== Exercise inputs

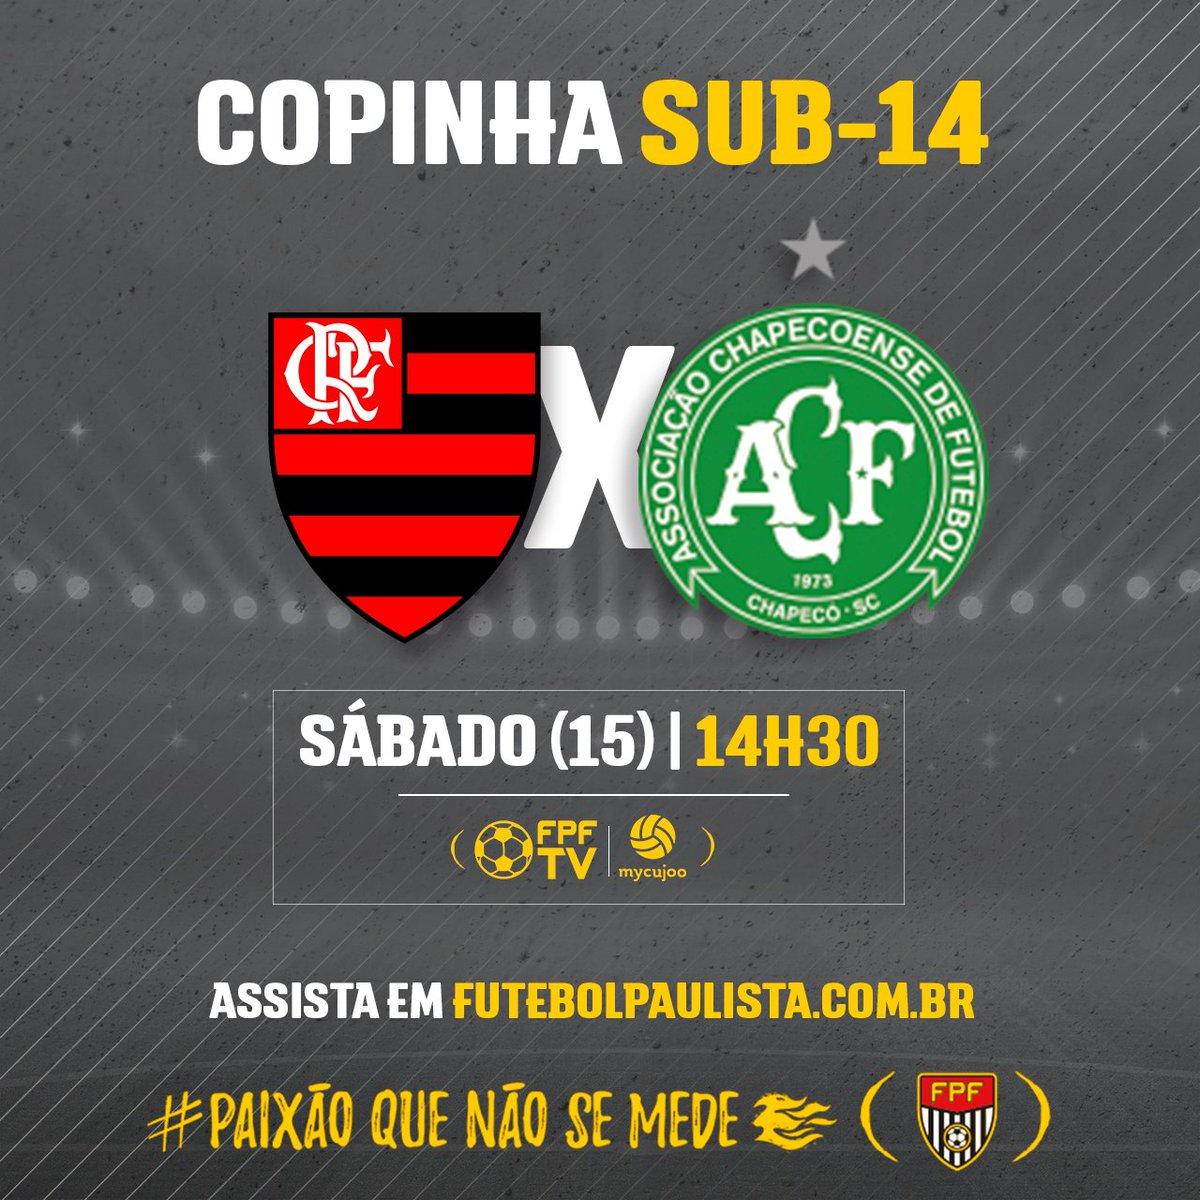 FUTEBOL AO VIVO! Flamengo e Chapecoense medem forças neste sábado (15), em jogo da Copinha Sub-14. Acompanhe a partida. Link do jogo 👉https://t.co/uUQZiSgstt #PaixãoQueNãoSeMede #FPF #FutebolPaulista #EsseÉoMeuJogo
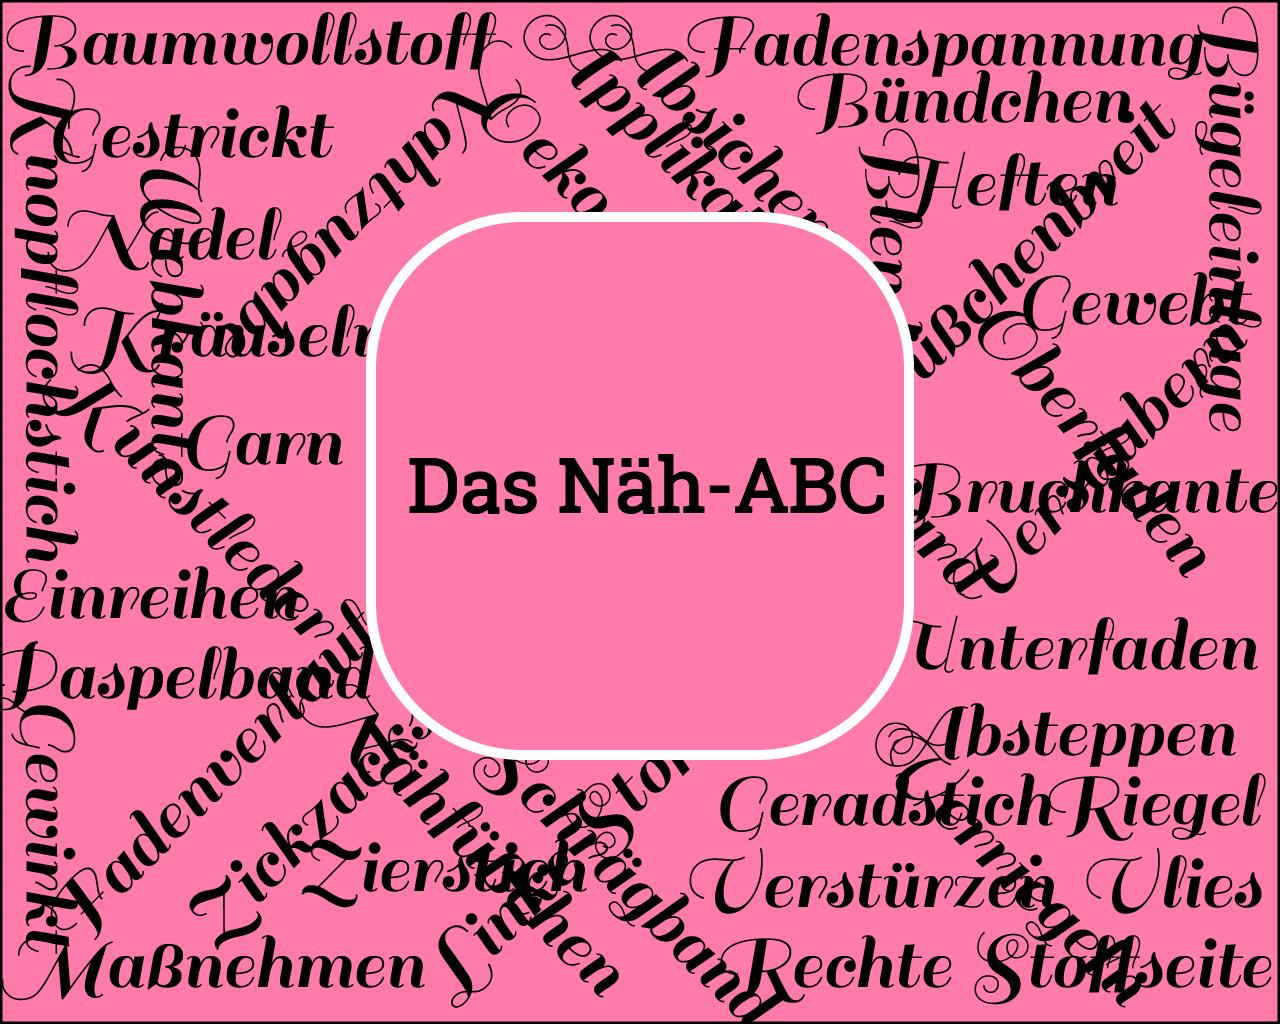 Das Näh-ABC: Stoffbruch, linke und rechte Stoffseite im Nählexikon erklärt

====
== Exercise inputs

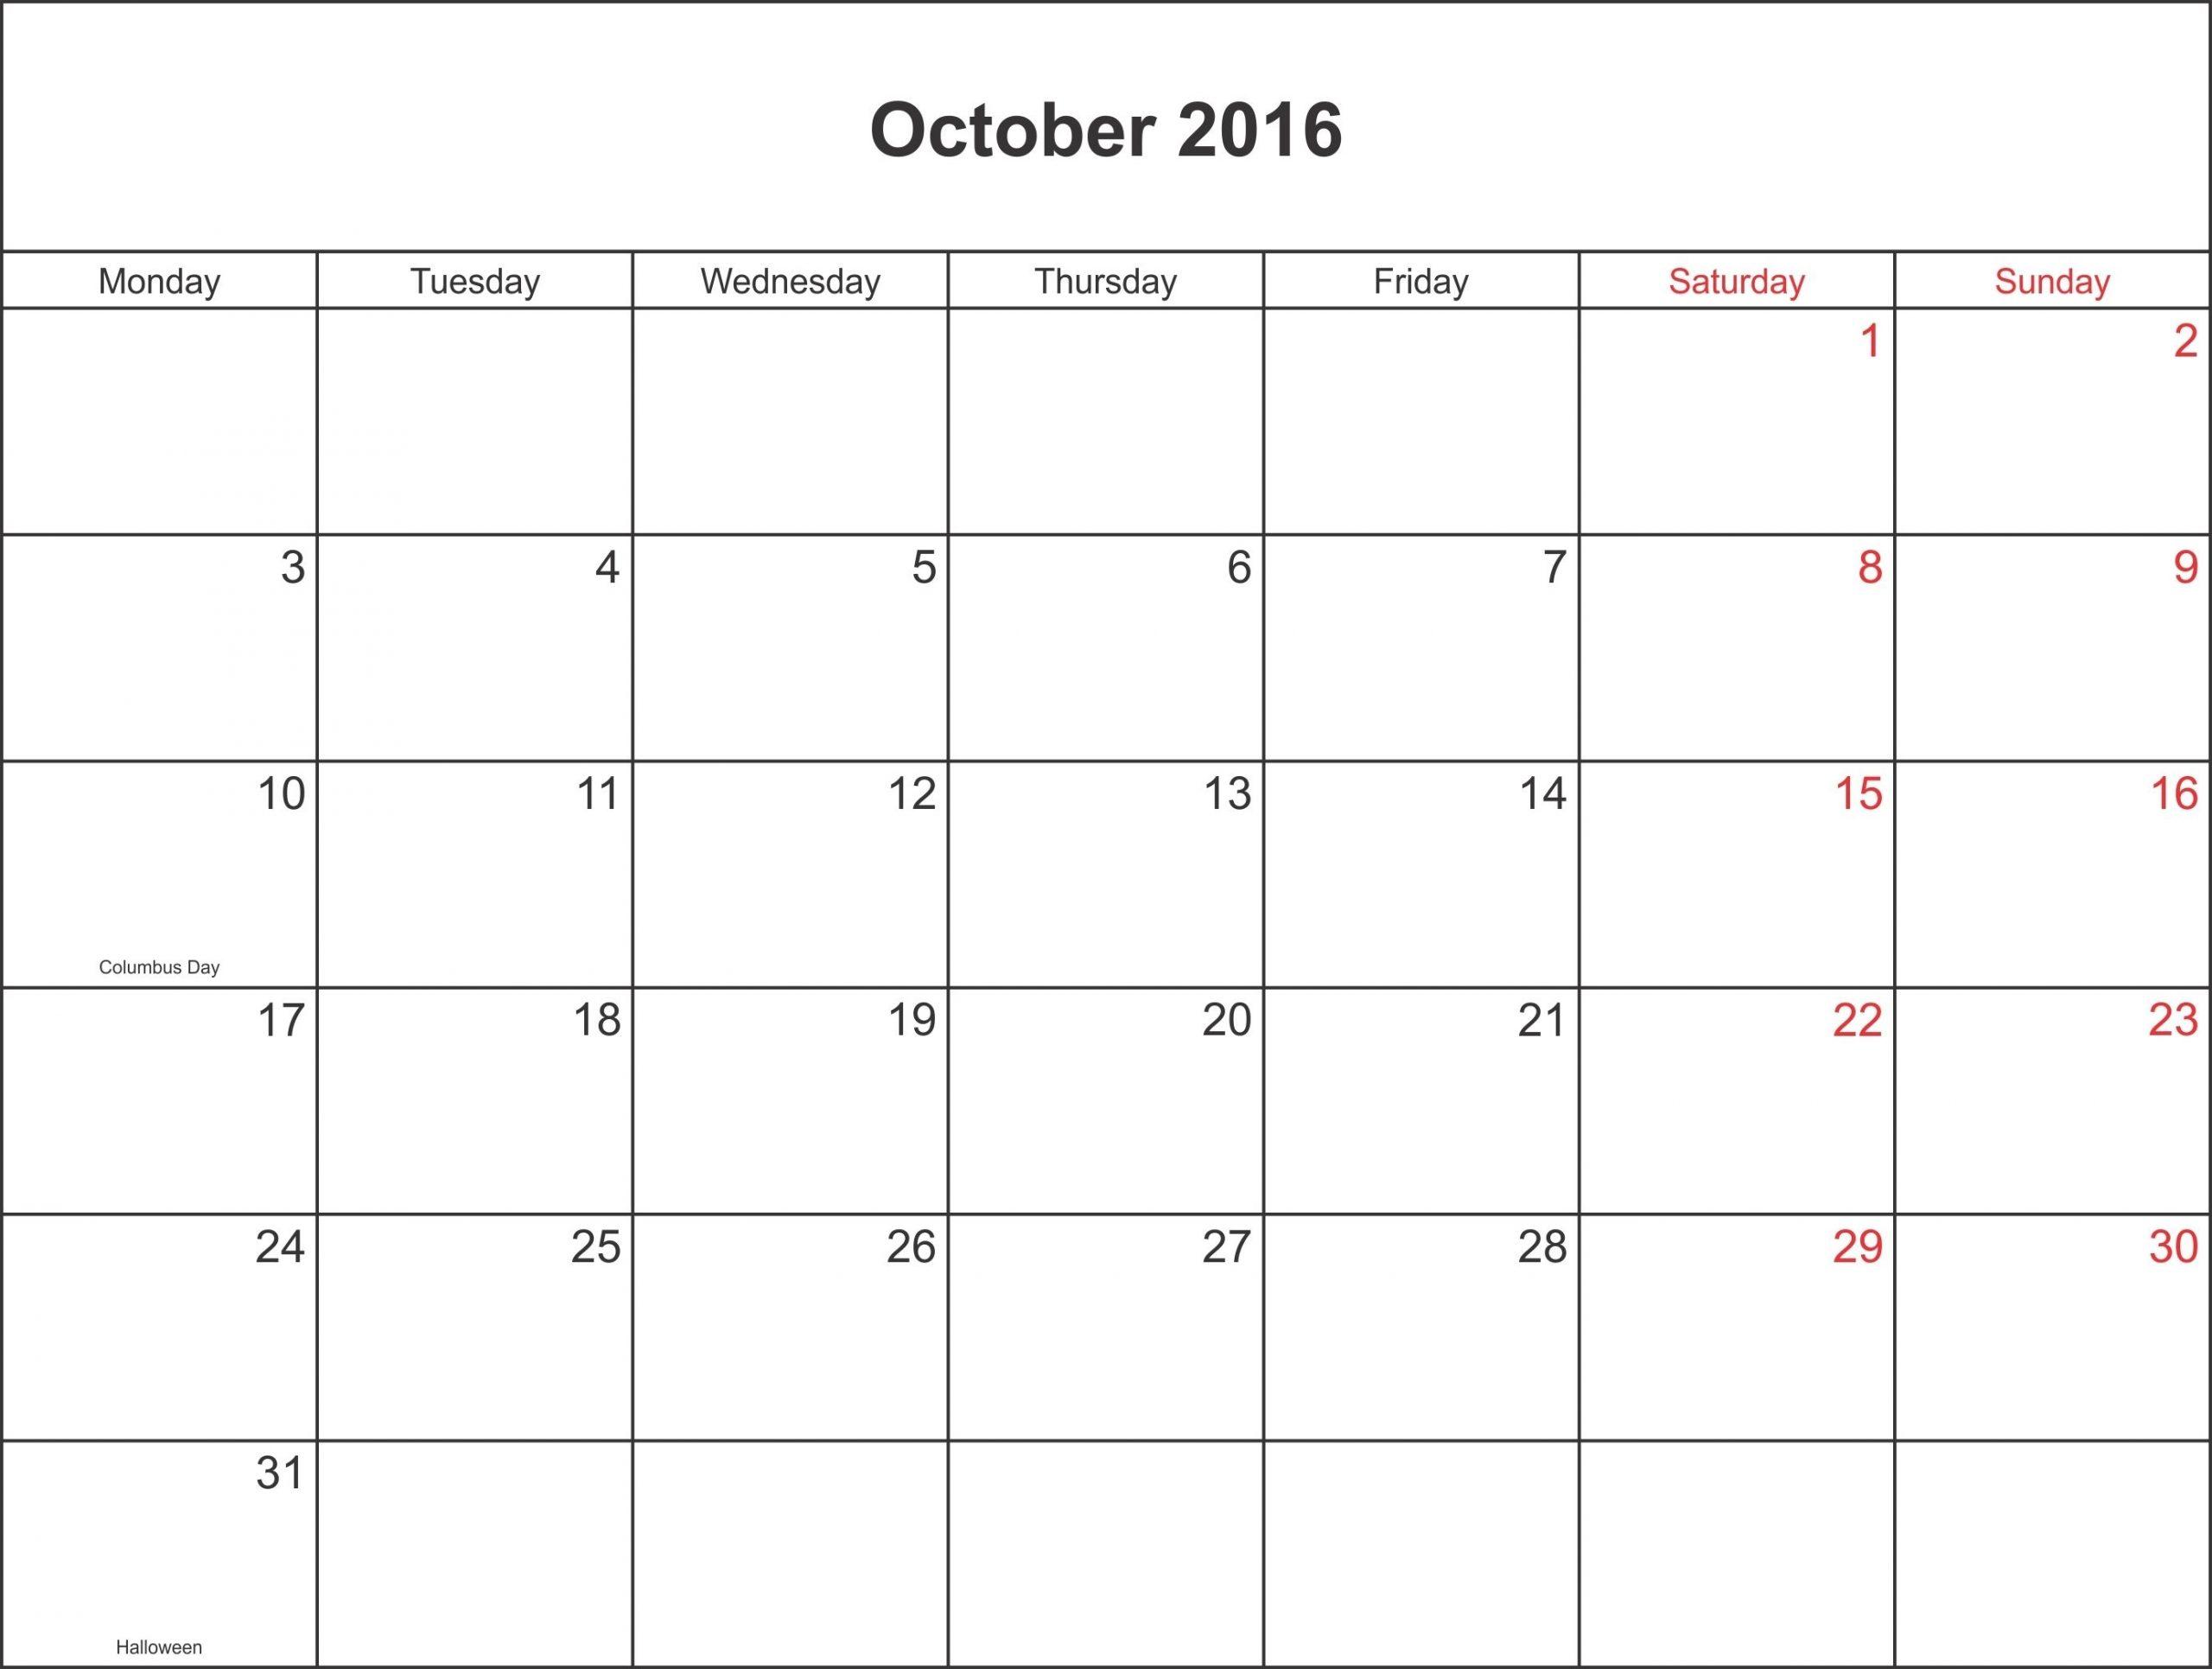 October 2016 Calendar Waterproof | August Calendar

====

**Task goal**: Go down the entries above from the line containing "FUTEBOL AO VIVO!" to the line containing "Das Näh-ABC: Stoffbruch, linke" and write out each line exactly, leaving pictures out.

**Output**:
 FUTEBOL AO VIVO! Flamengo e Chapecoense medem forças neste sábado (15), em jogo da Copinha Sub-14. Acompanhe a partida. Link do jogo 👉https://t.co/uUQZiSgstt #PaixãoQueNãoSeMede #FPF #FutebolPaulista #EsseÉoMeuJogo
 Das Näh-ABC: Stoffbruch, linke und rechte Stoffseite im Nählexikon erklärt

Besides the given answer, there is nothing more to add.